Wow. So much buzz words!

This same method can be cloned almost without any change to any environment or even system.

What do the developers need to do?

Just write their logs. Write away boys! Write logs without caring for anything!

We write the logs in a JSON format to be able to manipulate them easily in Logstash. But other than that, the developer just has to write whatever he wants, he will be able to see it in the console while developing and nothing has to be changed in order to make it production-ready.

Writing logs in JSON format? Why not just plain text?
Let’s say you have a method that needs to read from a file using a session Id.

You could write a log that looks like this:

“Successfully read file [{fileName}] for session [{sessionId}]”
This would look good to the naked eye, but it is not very useful for automations, statistics and graphs.
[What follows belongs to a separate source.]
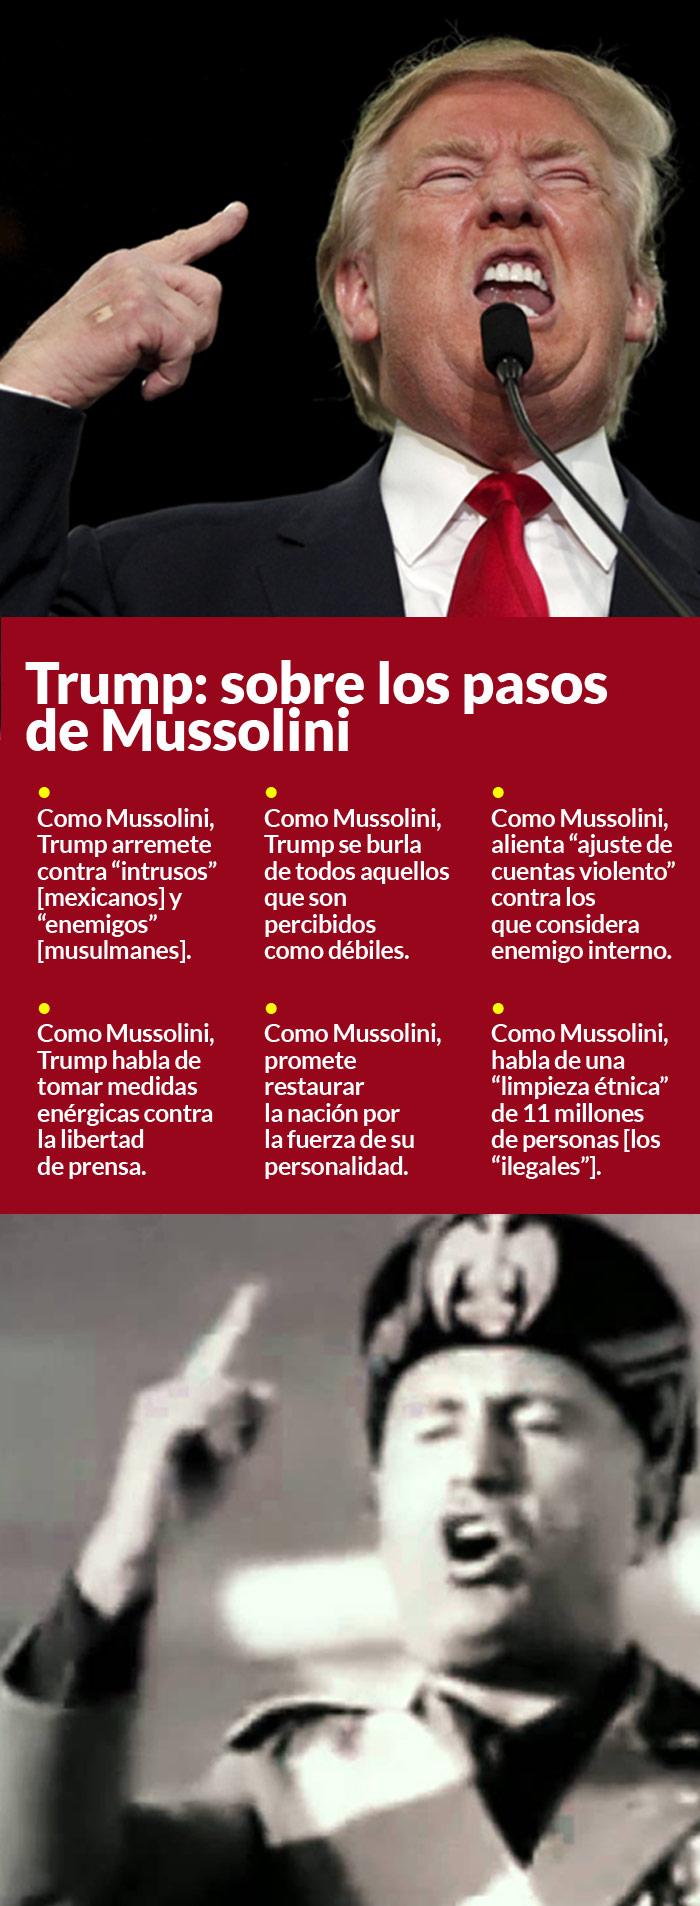 Trump-y-Mussolini-700

Let’s say I wanted to get a list of all the files I read. I would have to make a regex that extracts that info from the text. It is possible, but it will only get harder and harder.

Instead, you could write a log that looks like this:

“{ “message”: “Success reading file”, “file”: fileName, “session”: sessionId } “

This doesn’t look so bad to the naked eye, and it is machine ready for indexing, creating statistics and such.

I’ve even seen examples where each log type has a unique ID. For our system this is currently an overhead.

We’ve made a nice infrastructure to ease the writing of the logs (of course, how could we live without an infrastructure). We made a list of the most common values we wrote to the log and made them ‘keys’ for our Json logs. This infrastructure is consumed via a small nuget package containing a lot of helper functions.

The best part? They still don’t care where the logs go. They just need to see them on the console and everything else will be taken care of.

What have I learned?

Logging is not as easy as it seems, it can be easier than you think and it is crucially important. You need to think about how it will work from the beginning of the system design. It is crucial to it to be as simple as possibly for the developers and for the sysops. It must be flexible for changes and destinations. For example, using Logstash really helped us when another client suddenly appeared and asked to receive some logs from our system too.

It’s very important to review the logs written; is the level correctly used? For the love of G’d, use a spellchecker, they are free! Have a PR made only for the logs. All of these will help you down the road.

Remember, logs live forever.